Do you struggle with finance? No need to torture yourself if finance is not your cup of tea. You can order your finance paper from our academic writing service and get 100% original work from competent finance experts.

Computer science

Computer science is a tough subject. Fortunately, our computer science experts are up to the match. No need to stress and have sleepless nights. Our academic writers will tackle all your computer science assignments and deliver them on time. Let us handle all your python, java, ruby, JavaScript, php , C+ assignments!

Psychology

While psychology may be an interesting subject, you may lack sufficient time to handle your assignments. Don’t despair; by using our academic writing service, you can be assured of perfect grades. Moreover, your grades will be consistent.

Engineering

Engineering is quite a demanding subject. Students face a lot of pressure and barely have enough time to do what they love to do. Our academic writing service got you covered! Our engineering specialists follow the paper instructions and ensure timely delivery of the paper.

Nursing

In the nursing course, you may have difficulties with literature reviews, annotated bibliographies, critical essays, and other assignments. Our nursing assignment writers will offer you professional nursing paper help at low prices.

Sociology

Truth be told, sociology papers can be quite exhausting. Our academic writing service relieves you of fatigue, pressure, and stress. You can relax and have peace of mind as our academic writers handle your sociology assignment.

Business

We take pride in having some of the best business writers in the industry. Our business writers have a lot of experience in the field. They are reliable, and you can be assured of a high-grade paper. They are able to handle business papers of any subject, length, deadline, and difficulty!

Statistics

We boast of having some of the most experienced statistics experts in the industry. Our statistics experts have diverse skills, expertise, and knowledge to handle any kind of assignment. They have access to all kinds of software to get your assignment done.

Law

Writing a law essay may prove to be an insurmountable obstacle, especially when you need to know the peculiarities of the legislative framework. Take advantage of our top-notch law specialists and get superb grades and 100% satisfaction.

What discipline/subjects do you deal in?

We have highlighted some of the most popular subjects we handle above. Those are just a tip of the iceberg. We deal in all academic disciplines since our writers are as diverse. They have been drawn from across all disciplines, and orders are assigned to those writers believed to be the best in the field. In a nutshell, there is no task we cannot handle; all you need to do is place your order with us. As long as your instructions are clear, just trust we shall deliver irrespective of the discipline.

Are your writers competent enough to handle my paper?

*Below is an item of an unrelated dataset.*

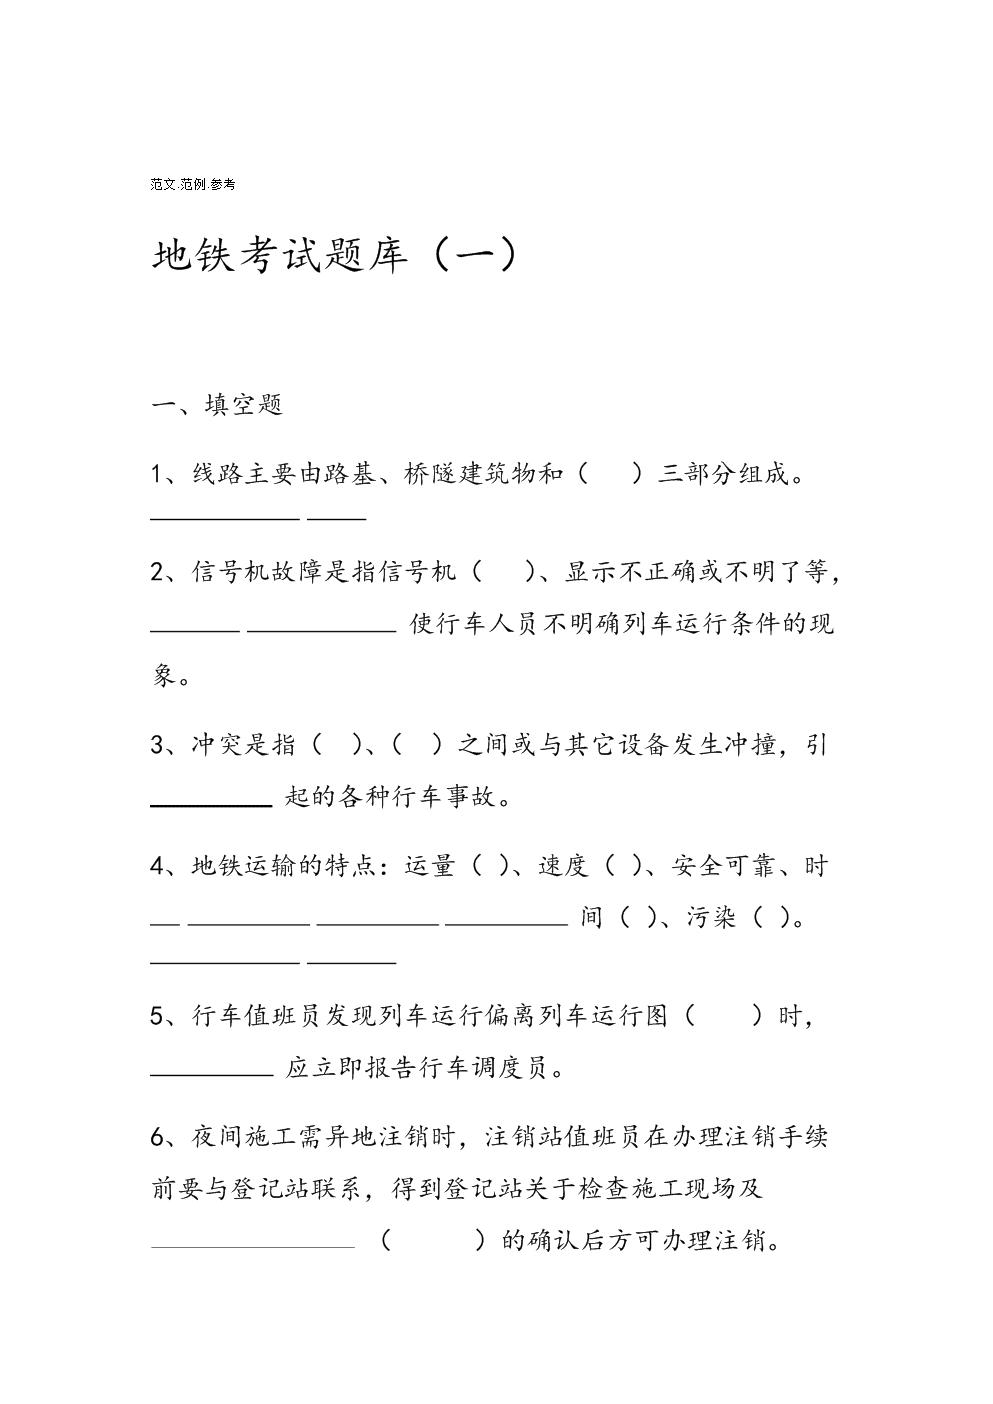 完整word版地铁考试题库一.doc

Our essay writers are graduates with bachelor's, masters, Ph.D., and doctorate degrees in various subjects. The minimum requirement to be an essay writer with our essay writing service is to have a college degree. All our academic writers have a minimum of two years of academic writing. We have a stringent recruitment process to ensure that we get only the most competent essay writers in the industry. We also ensure that the writers are handsomely compensated for their value. The majority of our writers are native English speakers. As such, the fluency of language and grammar is impeccable.

What if I don’t like the paper?

There is a very low likelihood that you won’t like the paper.

Reasons being:

  • When assigning your order, we match the paper’s discipline with the writer’s field/specialization. Since all our writers are graduates, we match the paper’s subject with the field the writer studied. For instance, if it’s a nursing paper, only a nursing graduate and writer will handle it. Furthermore, all our writers have academic writing experience and top-notch research skills.
  • We have a quality assurance that reviews the paper before it gets to you. As such, we ensure that you get a paper that meets the required standard and will most definitely make the grade.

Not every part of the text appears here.